But the River Street camp was supposed to be a reprieve from all that. With cities from Seattle to Sacramento debating sanctioned encampments, navigation centers, tiny houses and other ways to respond to increasingly acute homelessness amid unprecedented housing costs, the city of Santa Cruz committed roughly $90,000 a month starting last February to run the camp while they planned a new year-round shelter. Several blown deadlines and ugly public meetings later, the city closed the camp in November with no long-term plan in sight.

“It’s pretty unbelievable how much somebody’s life can change with food, shelter—even if it’s short term—and hygiene,” says Susie O’Hara, a water engineer turned assistant to Santa Cruz City Manager Martín Bernal. O’Hara has become the city’s de facto lead on homelessness after a series of roles focused on public safety.

Hubbard and Reyes were among those who went straight from the camp to more stable housing, at a sober living environment with county financial assistance. Some of their former River Street neighbors are in rehab or at the city’s winter shelter in Live Oak. Others are back on the street, where a large new unsanctioned camp has taken shape just down River Street, often called the “Ross Camp” for its location behind the discount store near the mouth of Highway 1.

Despite the anti-climactic end to the River Street camp, the next year holds promise to bring more challenges to the status quo. Homelessness and affordable housing were central campaign issues in a progressive wave in the November Santa Cruz City Council elections. The county is also preparing to request proposals for how to spend an anticipated $10 million in new state funding expected to come through in March.

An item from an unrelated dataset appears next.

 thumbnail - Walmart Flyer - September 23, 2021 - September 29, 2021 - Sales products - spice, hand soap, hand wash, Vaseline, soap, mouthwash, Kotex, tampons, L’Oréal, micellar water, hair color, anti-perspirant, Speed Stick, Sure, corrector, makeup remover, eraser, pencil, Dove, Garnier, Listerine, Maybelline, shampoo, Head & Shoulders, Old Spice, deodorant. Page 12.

In the process, advocates for more immediate action are hoping that local government agencies that sometimes struggle to work together will seize the opportunity to consider alternatives to traditional top-down programming.

“We need to be needs-oriented, rather than funding-oriented,” says Brent Adams. In addition to running the nonprofit Warming Center’s overflow winter shelter programs in Santa Cruz and Watsonville, Adams started a free storage service last year for homeless residents—all with an annual budget around $65,000, which he presents as proof that the city could spend a lot less to achieve a lot more.

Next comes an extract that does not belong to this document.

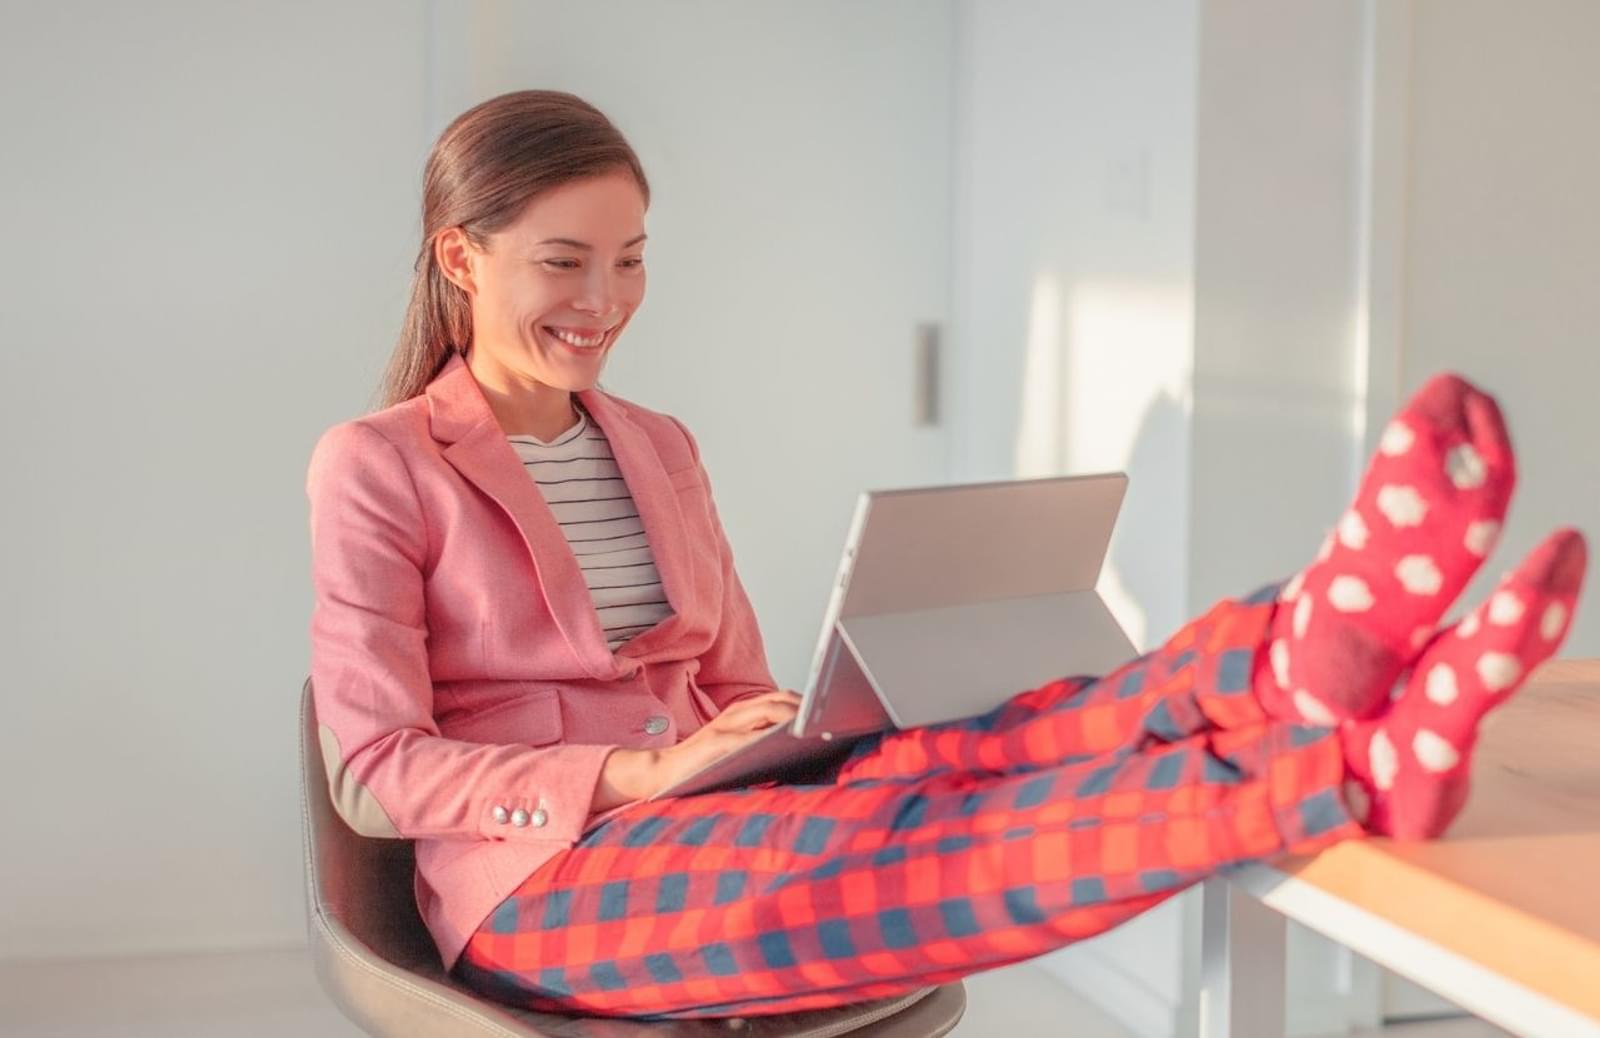 Woman with feet on desk, wearing pajamas, smiling while working on laptop computer

Coming to a consensus on where to go from here isn’t just a nice New Year’s resolution. It’s a necessity, since the infusion of state dollars will come with an expiration date.

“It’s very important that everybody be kind of in line,” says Santa Cruz County spokesman Jason Hoppins. “If you don’t use it within two years, you lose it.”

A New Approach

The city of Santa Cruz didn’t set out to become the operator of an outdoor homeless shelter. Last winter, O’Hara embarked on a search for a partner organization to run the River Street camp. After she says that no local organization had the capacity to hire what would eventually total 25 mostly part-time employees, it was O’Hara and the camp’s primary day-to-day leader, Chris Monteith, who hired staff, bought equipment and arranged for infrastructure like showers.

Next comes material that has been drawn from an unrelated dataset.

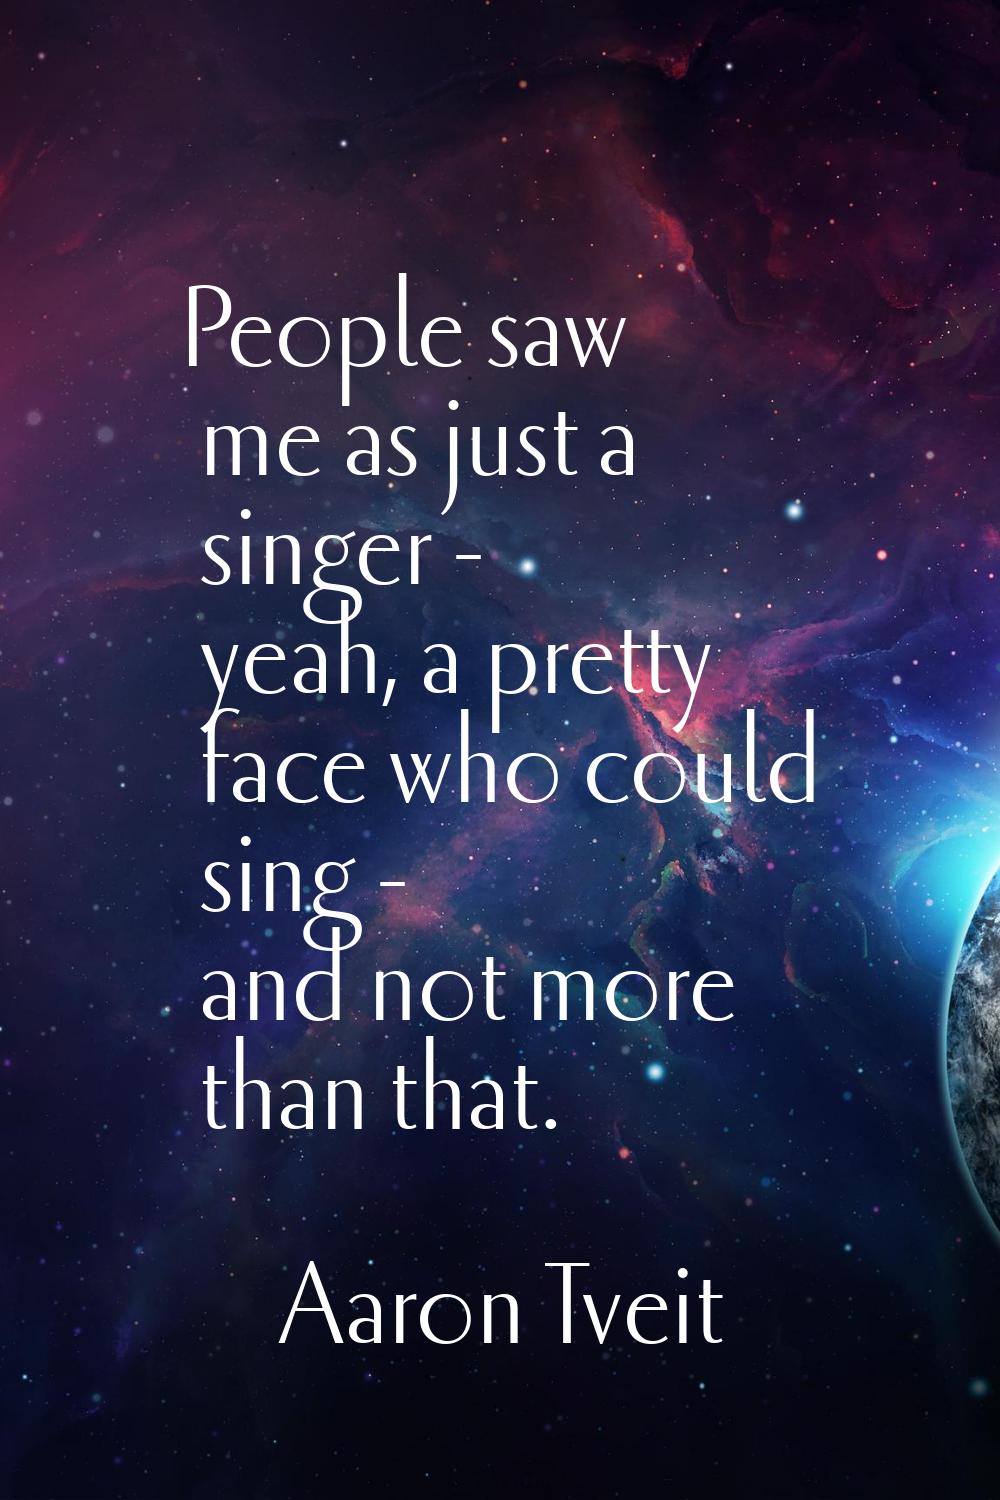 People saw me as just a singer - yeah, a pretty face who could sing - and not more than that.

“When we tried to find somebody to run the camp, a nonprofit, we envisioned it running for four months,” O’Hara says of the camp that was ultimately open for about nine months.

A total of 86 people, ages 20-75, stayed at the camp, O’Hara says. More than a third of them went on to longer-term housing, veterans’ residences or rehab facilities, and a small handful opted to return home to other places. Most residents had lived in the area for an extended period before moving to the camp.

Hubbard and Reyes met all kinds of people living at the camp and on the street. One was a monk. Some were moms or dads scraping by with their adult children. Many were locals who couldn’t afford to stay, but never left.

“All generalizations are false, including this one,” Hubbard says, quoting Mark Twain and hinting at his days studying political science. Still, he says, “The general trend is that people couldn’t keep up with the rent, but they were too in love with their hometown to leave.”

On a recent afternoon outside a coffee shop on Pacific Avenue, near his job at the Homeless Garden Project’s holiday store, Hubbard talks about how he’d like to go back to school, and how he wishes the city would act on promising ideas like tiny homes. Reyes, a former anthropology major, is right there with him talking about “project-based vouchers” and other jargon gleaned from navigating a maze of social programs. (Though the two bicker like any couple about cutting each other off when they get excited, they define their relationship as “best friends.”)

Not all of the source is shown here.